Littérature française

Muriel Barbery

Thomas Helder

✒ Nicolas Mouton

(Librairie Le Presse papier, Argenteuil)

Dialoguant secrètement avec Joyce, Dante ou Shakespeare, le nouveau roman de Muriel Barbery sonde la présence de nos revenants. Cette déroutante et grisante introspection nous remet sur le droit chemin.

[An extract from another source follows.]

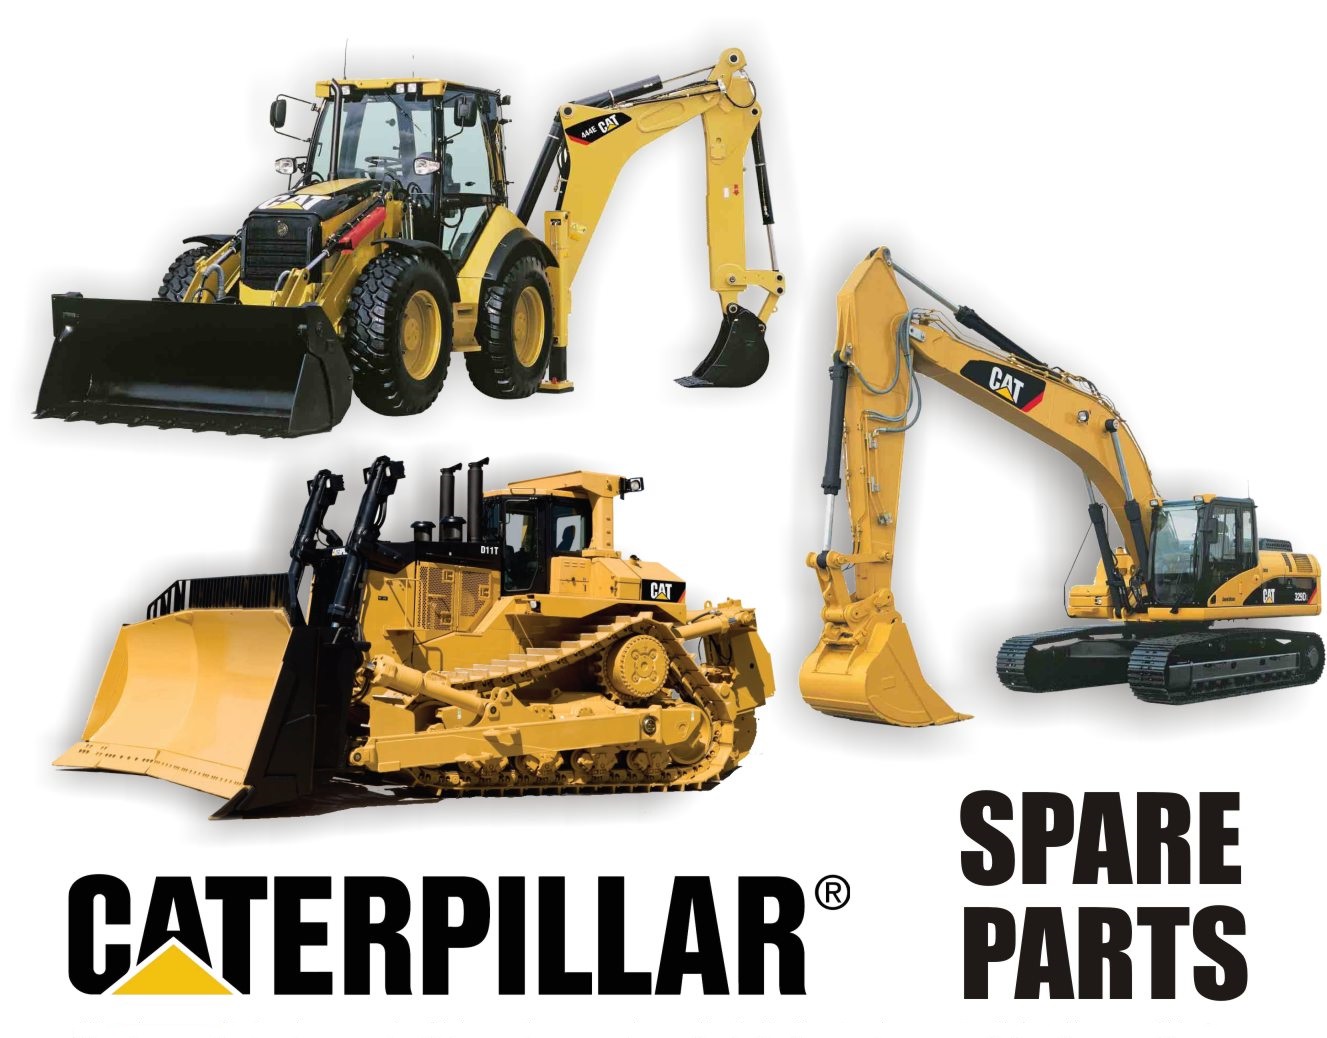  Genuine Caterpillar spare parts Manufactures

Toute œuvre littéraire forte est une réflexion sur l’art d’écrire. L’intrigue n’est là que pour nous guider sur ce chemin. Le nouveau roman de Muriel Barbery, s’il diffère beaucoup sur la forme d’Une rose simple (2020) et Une heure de ferveur (2022), n’en poursuit pas moins la même quête. Le texte s’ouvre sur l’enterrement de Thomas Helder, écrivain célèbre d’Amsterdam, revenu mourir sur ses terres d’enfance, dans l’Aubrac. Une maison, près d’une grange isolée dans la montagne, accueille famille et amis pour une dernière « cérémonie ». Au centre de celle-ci, Margaux, architecte qui « ne devrait pas être là », tisse une toile de conversations révélant peu à peu la manière dont chacun hante la vie des autres. Il faut lire lentement ces superbes pages où l’on traverse « des forêts de symboles » (Baudelaire) et où tout n’est qu’un long duel avec soi-même. Sentiment de la trahison, amicale ou politique (le souhaitable et le possible), éthique, réflexions sur la stratégie, la vérité de l’art, l’esprit de la nature et la présence des défunts. Quand sommes-nous avec nos morts ? Les brefs chapitres, où s’enlacent présent et passé, familiers et oniriques, dispensent, à travers le personnage de Jorg (frère de Thomas), des aphorismes tels que : « Ce qui importe, c’est l’instant où le geste devient beauté » ou « Nous apprenons du royaume des morts parce qu’il est notre avenir ». Peut-être tout n’est-il que cérémonie mentale (cimetière, réception, bain de Jorg…) ; cérémonie dans laquelle le vin joue un grand rôle : sang de la terre, in vino veritas et sans doute ultime repas pris ensemble, Cène. « La vraie beauté est une cérémonie (…). Une cérémonie de l’esprit qui désire voir le corps dénudé de la vie. » De sa prose si pure, Muriel Barbery touche grâce, vérité et transparence.